GURPS Prime Directive is a sourcebook for GURPS, first published in 2002. It is named after the Prime Directive in Star Trek, the universe it adapts. It spawned several associated sourcebooks.

Contents
GURPS Prime Directive allows players to play any type character, also allows cross-genre moves to be made, and includes limited elements of the Traveller Universe.

Publication history
After the folding of Task Force Games and the cancellation of the original Prime Directive line, Amarillo Design Bureau, Inc., the new publishers of Star Fleet Universe games, were left with the question of what to do with PD. They were primarily a wargame company, and the poor sales of the supplements were cause for a reexamination. Eventually, they approached Steve Jackson Games to use the Powered by GURPS format.

GURPS Prime Directive, as a part of the "Powered by GURPS" book line, was published in 2002 under license by Amarillo Design Bureau to depict the world of Star Fleet Battles. Task Force Games produced GURPS Prime Directive for third-edition GURPS (2000) and GURPS Prime Directive for fourth-edition GURPS (2004).

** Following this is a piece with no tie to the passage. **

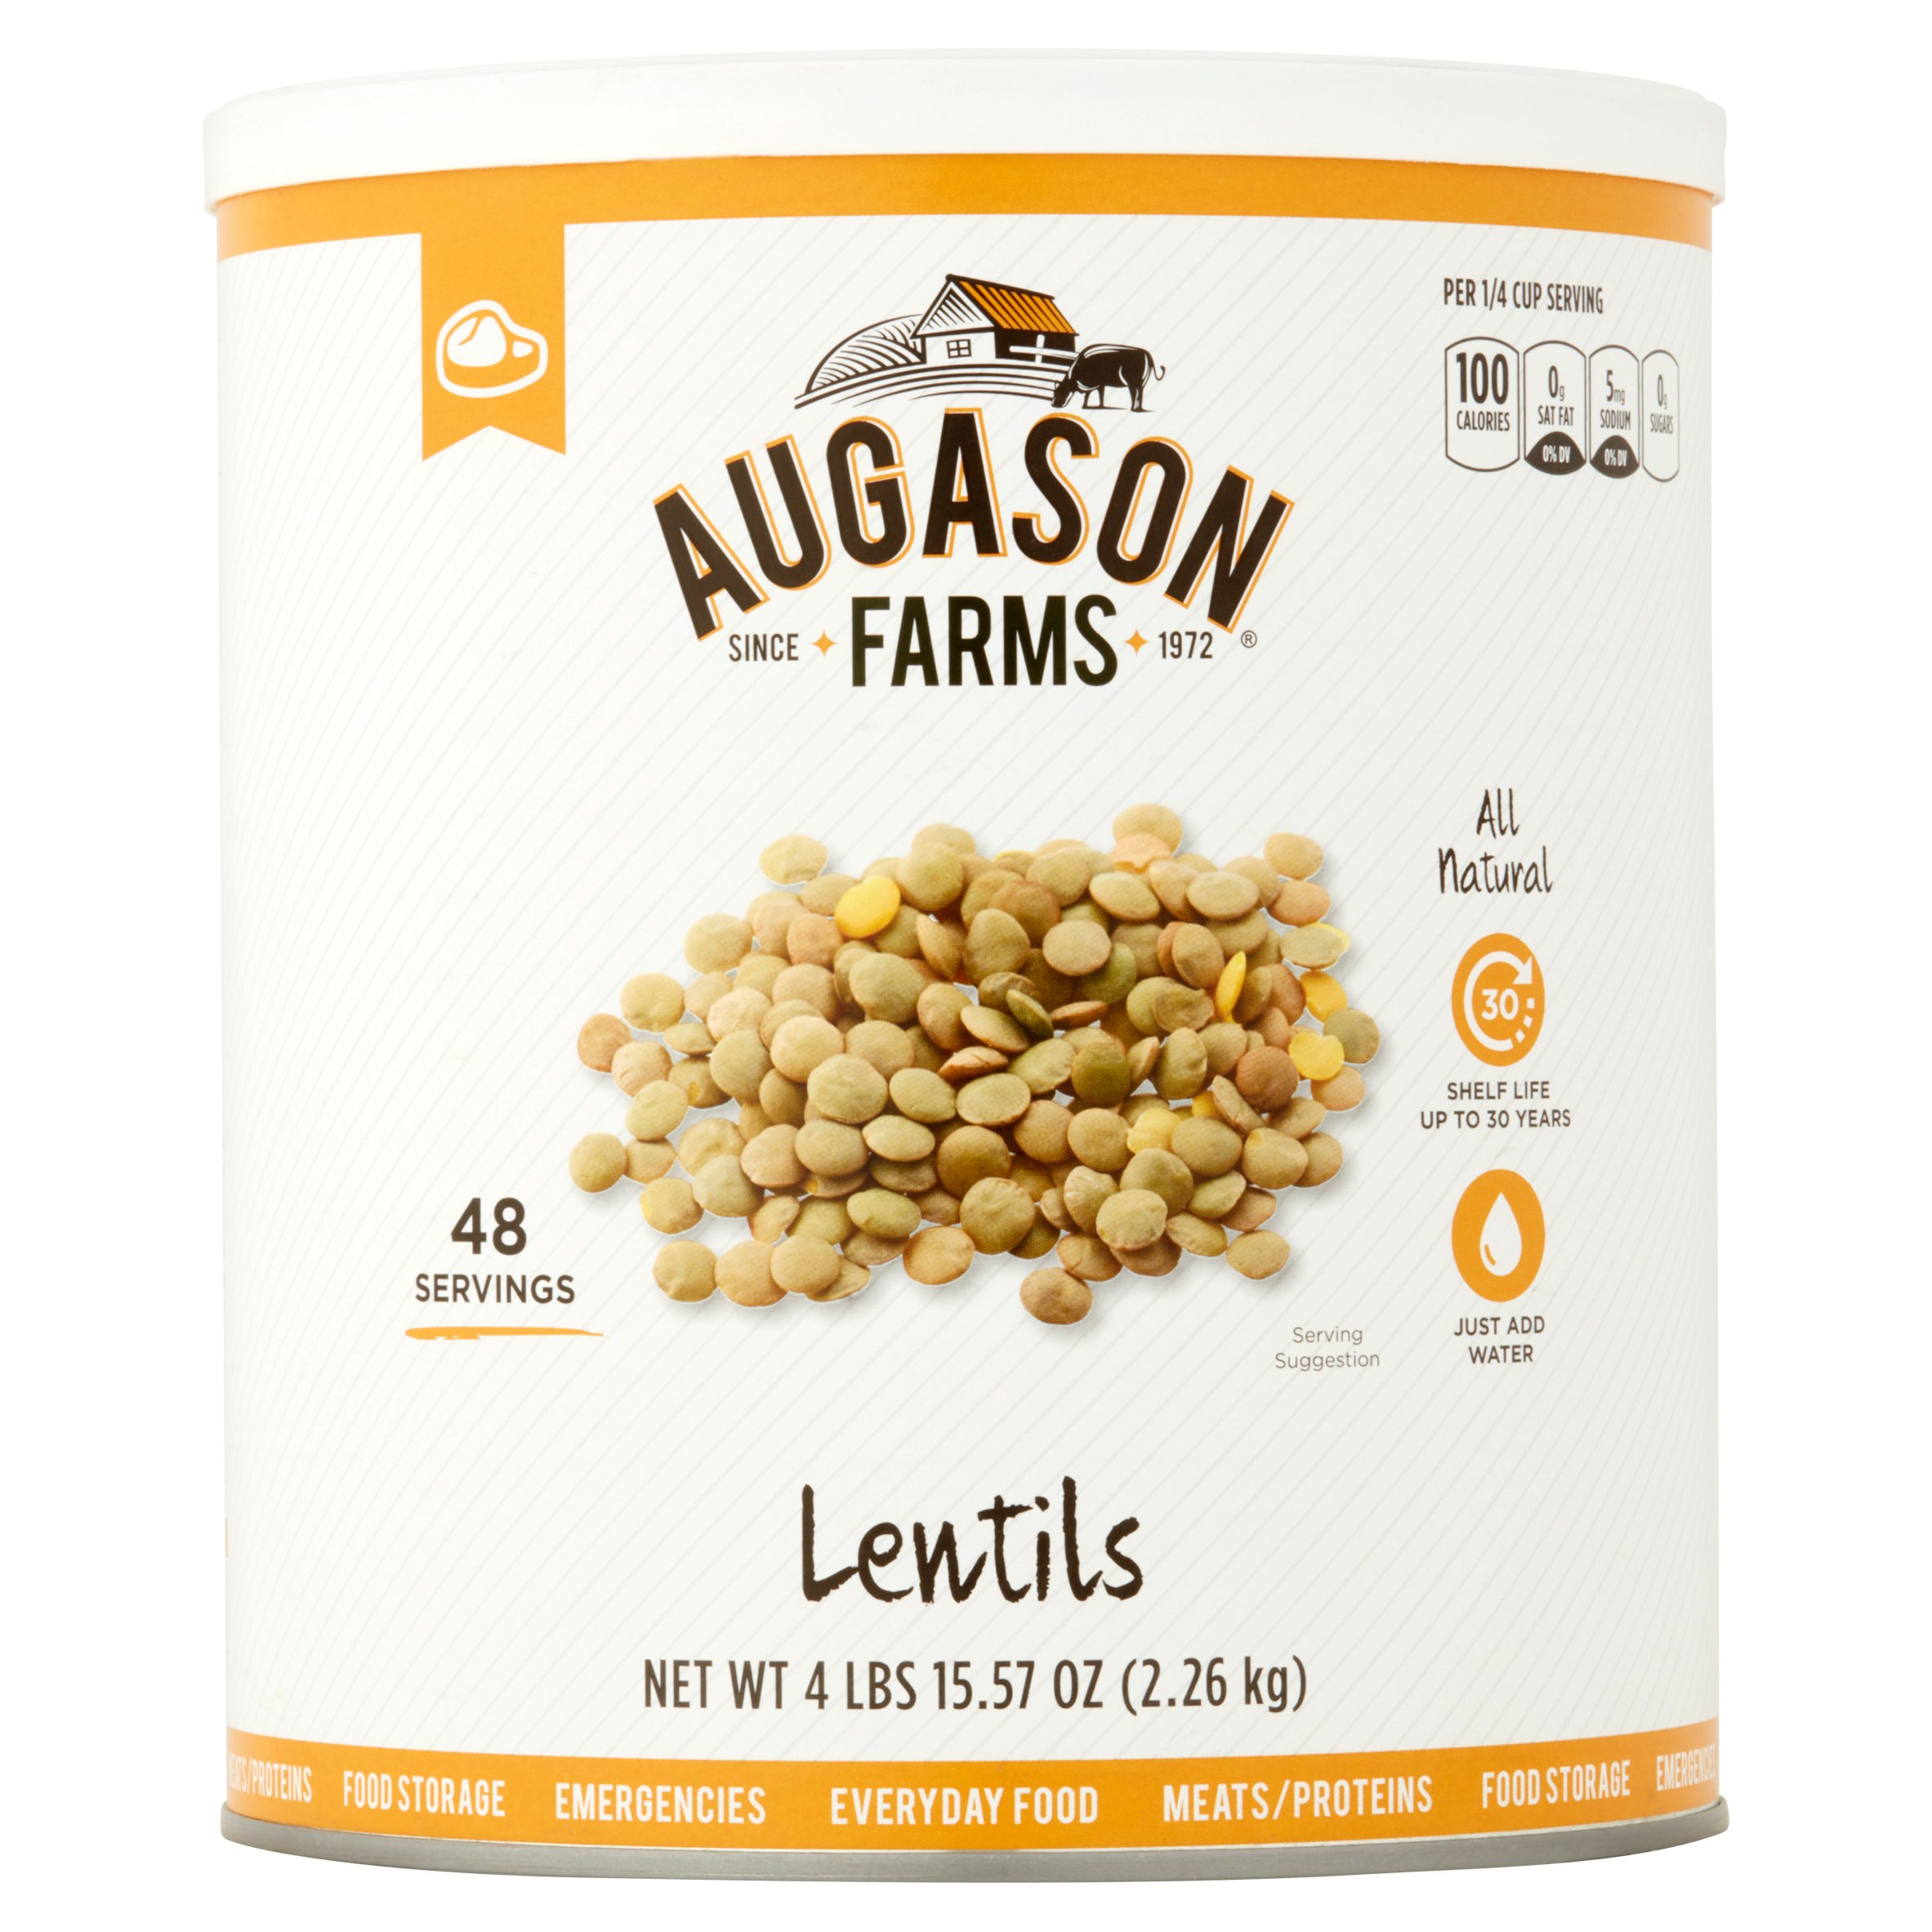 Augason Farms Lentils 80 oz #10 Can by Blue Chip Group

Amarillo Design Bureau continued publication of Prime Directive books for the GURPS, d20, and d20 Modern game systems.

Originally GURPS Prime Directive, the GURPS Klingons imperial source book and GURPS Module Prime Alpha module were released under the third edition of GURPS. The new fourth edition of GURPS prompted a rework of the previous major books (GPD and GK) and a delay of the (then) upcoming Romulans sourcebook (which became one of the first 4th Edition GURPS supplements). Module Prime Alpha (and its intended sequel, Module Prime Beta) were dropped from the line, due to poor sales.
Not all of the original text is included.